REQUIRED ACTION: In your copy of the data, include no pictures and alter nothing else.

EXERCISE DATA:
────

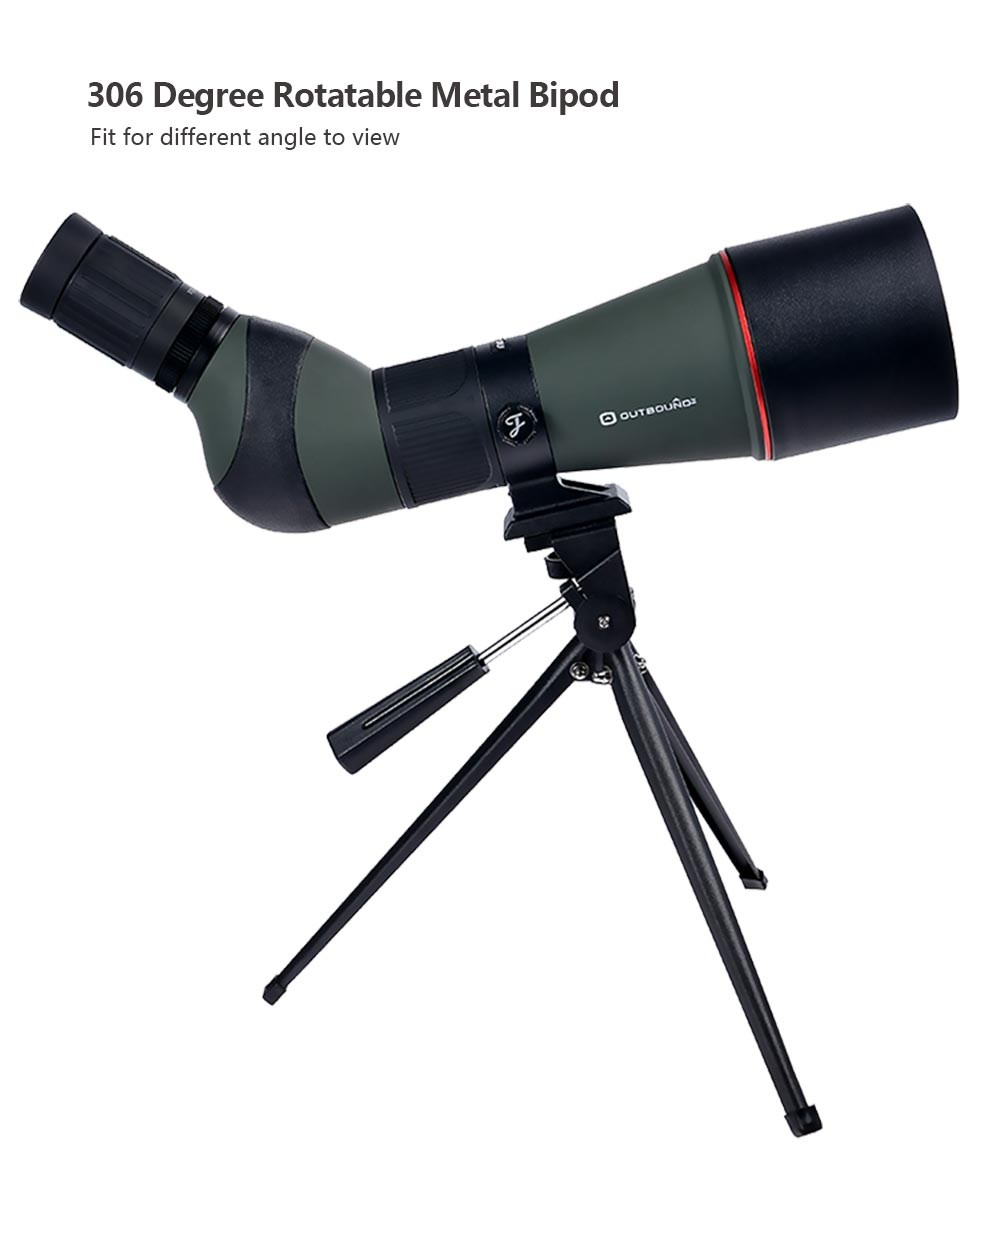 JouFou 20-60X80 HD Spotting Scope Waterproof Zoom Target Shooting Optical Glass High Power with Tripod Birdwatching (2)
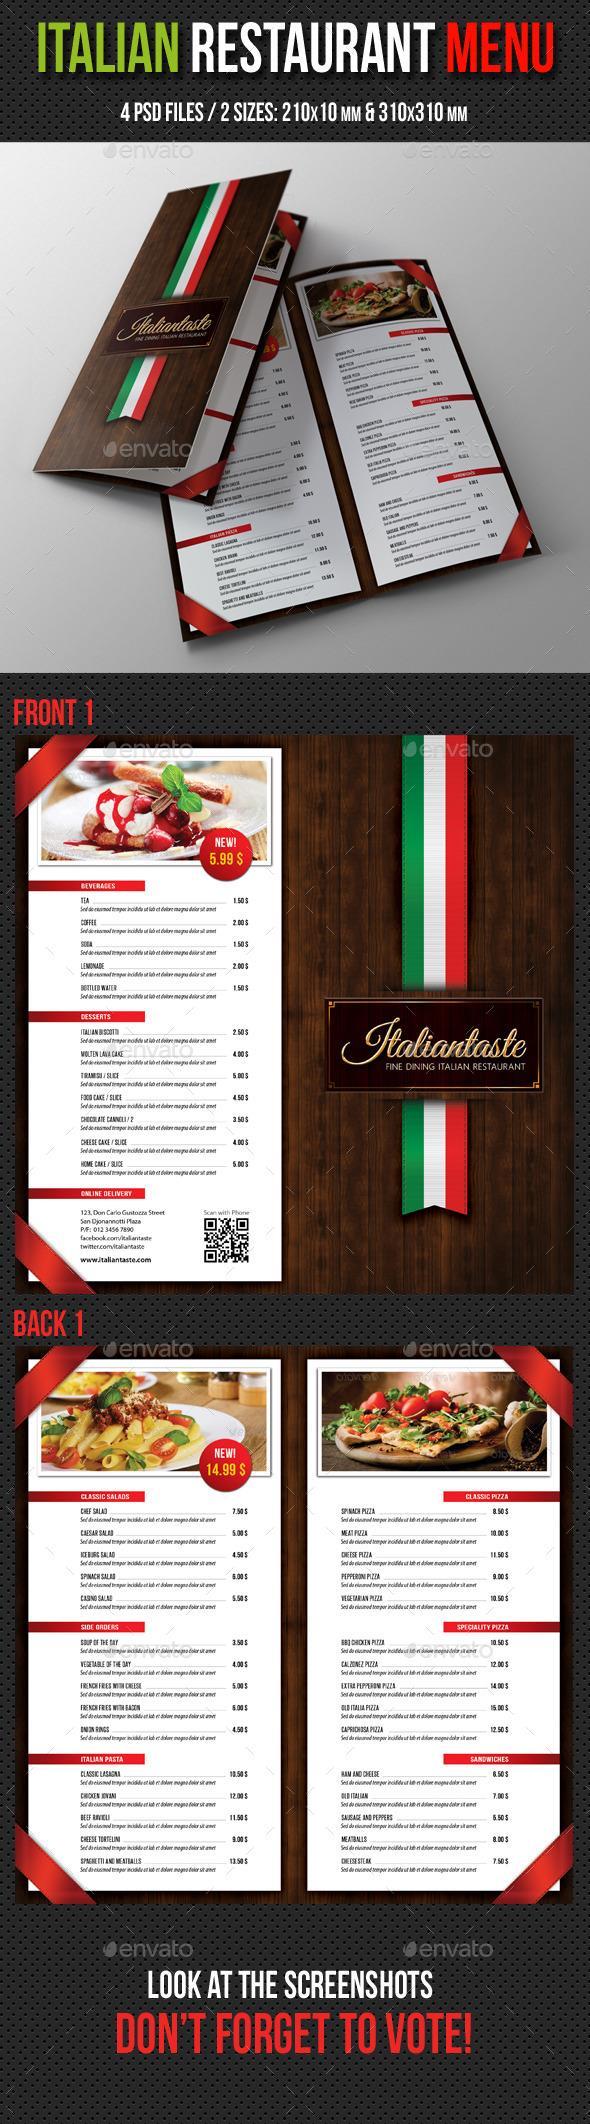 Italian Restaurant Menu Brochure | Restaurante, Menus restaurantes y ...
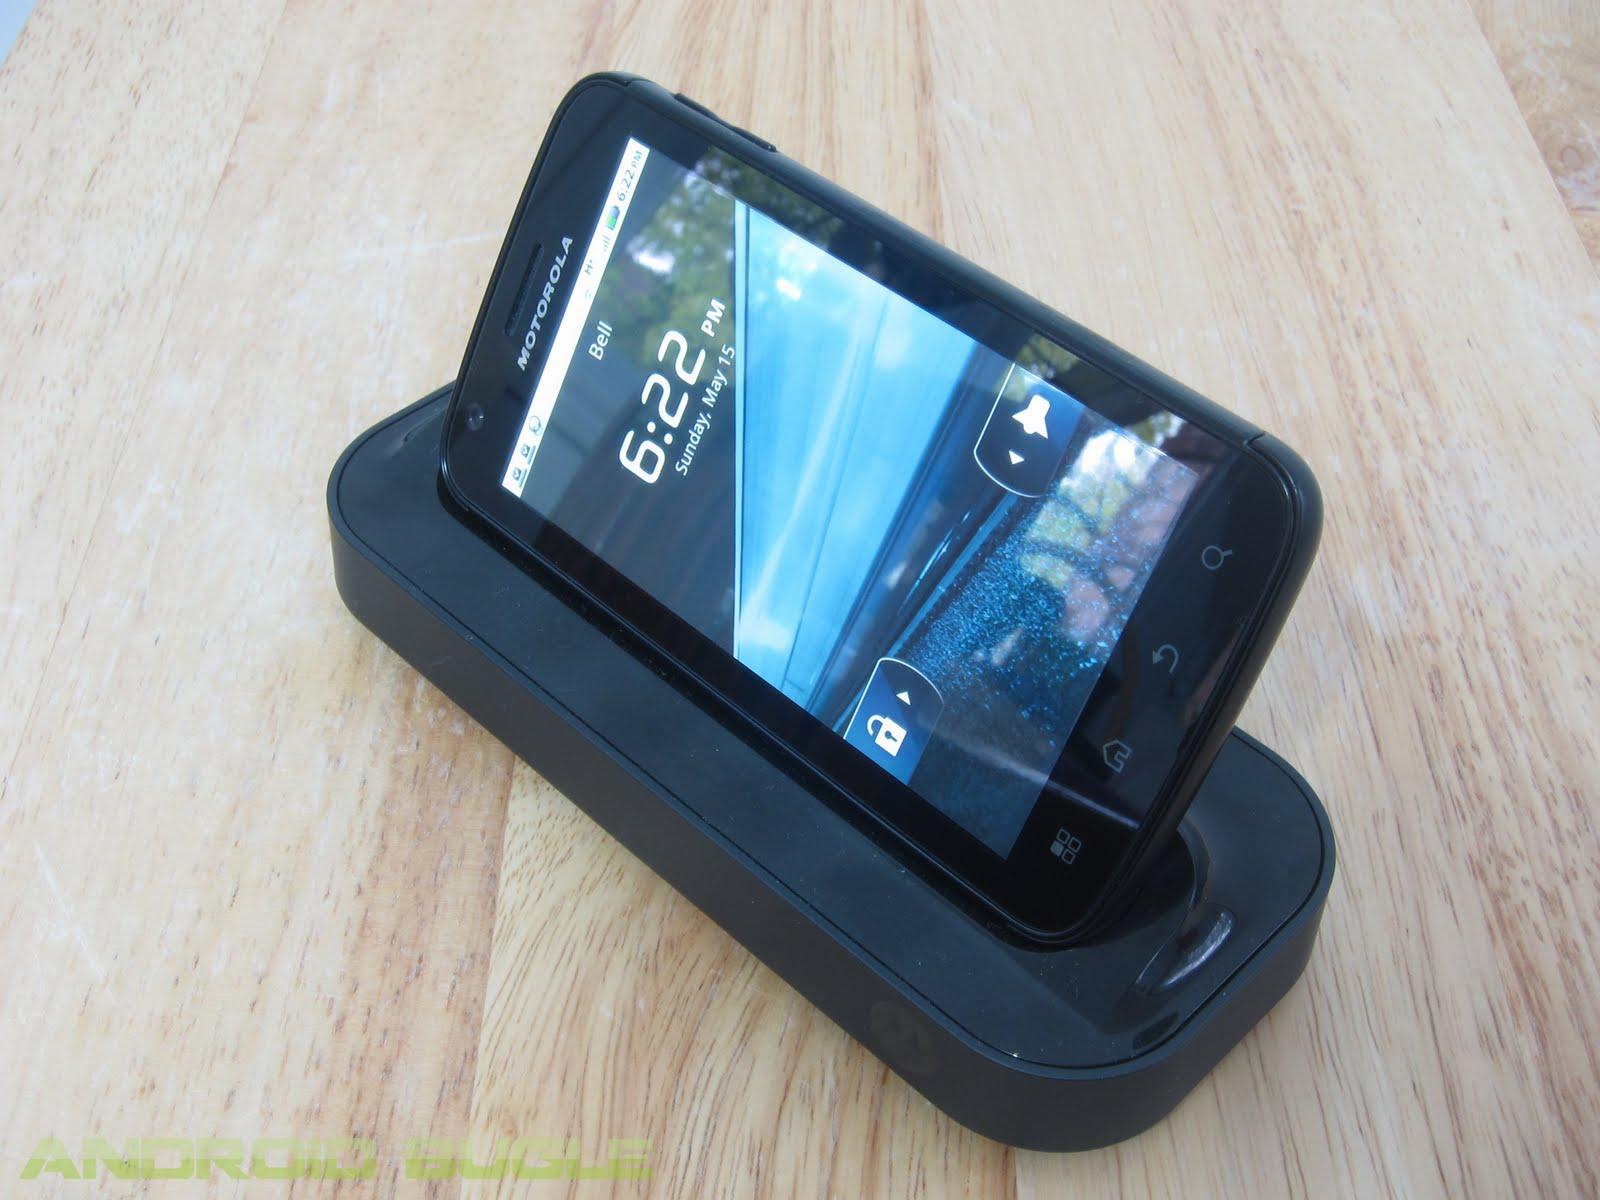 Tempat Jual Mito Fantasy A99 Android Jellybean Terbaru 2018 Rhythm S1414s06 Jam Tangan Pria Hitam Motorola Mb860 Manual Bean With Rh Gs Array Atrix Bell Best

────

WRITTEN RESPONSE:
 JouFou 20-60X80 HD Spotting Scope Waterproof Zoom Target Shooting Optical Glass High Power with Tripod Birdwatching (2)
 Italian Restaurant Menu Brochure | Restaurante, Menus restaurantes y ...
 Tempat Jual Mito Fantasy A99 Android Jellybean Terbaru 2018 Rhythm S1414s06 Jam Tangan Pria Hitam Motorola Mb860 Manual Bean With Rh Gs Array Atrix Bell Best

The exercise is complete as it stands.